My son is learning how to calculate the formula for a parabola using a directrix and focus point on his Khan Academy course. (a,b) is the focus point, k is the parameter for the directrix as y=k. I wanted to show him a simple way to check his results using Sympy; programming helps hugely in solidifying internal algorithms. Step 1 is clearly to set the equation out.
Parabola = Eq(sqrt((y-k)**2),sqrt((x-a)**2+(y-b)**2))

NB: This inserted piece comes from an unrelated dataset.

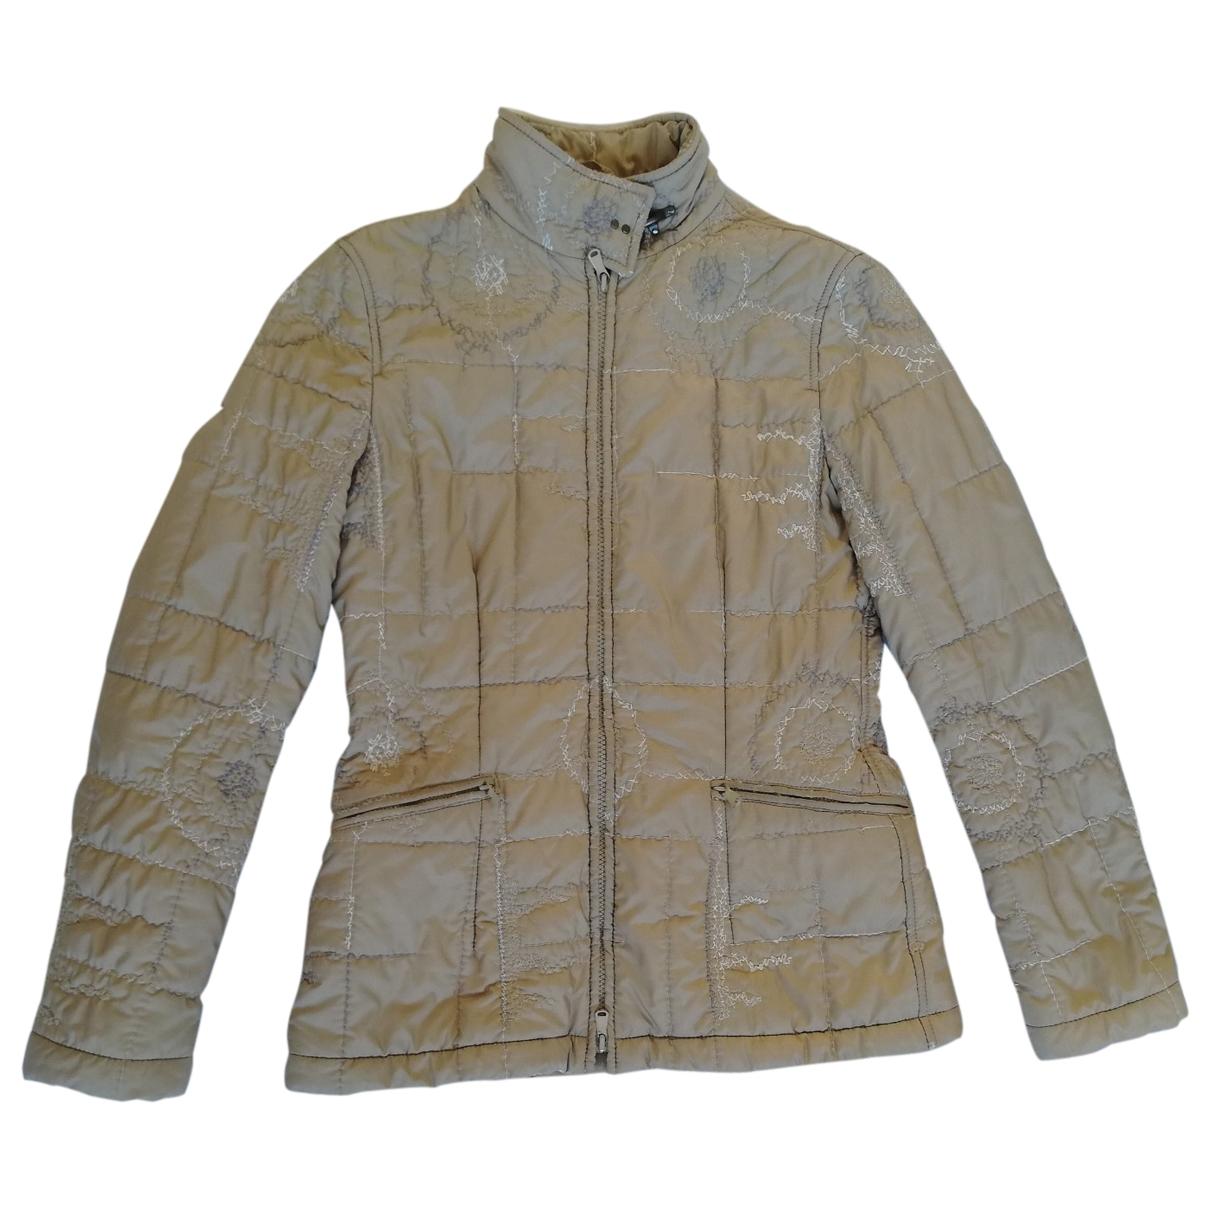 Fay \N Beige jacket for Women M International

I first solved this for y, intending then to show how to substitute values and derive the equation, thus:
Y = solve(Parabola,y)
This was in a reasonable form, having collected the 1/(2b-2k) to the outside. Next, I substituted the value of the focus and directrix into the equation, obtaining the equation y= 1/6*(x**2+16*x+49), which is correct.
He needed next to resolve this in a form (x+c1)(x+c2)+remainder. There does not seem to be a direct way to factor from the equation above into this form, at least not from an hour searching the docs.
Answer = Y[0].subs({a:-8,b:-1,k:-4})
factor(Answer,deep=True)
Of course I understand how to reduce to a square factorization plus remainder; my question is solely whether this is possible in sympy and, if so, how?
A second, perhaps trivial, question is why Sympy returns some factorizations as (constant - x) where (x -constant) is preferred: is there a way of specifying the form?
Thanks for any help, on behalf of my son, to whom I am showing the wonders of Sympy.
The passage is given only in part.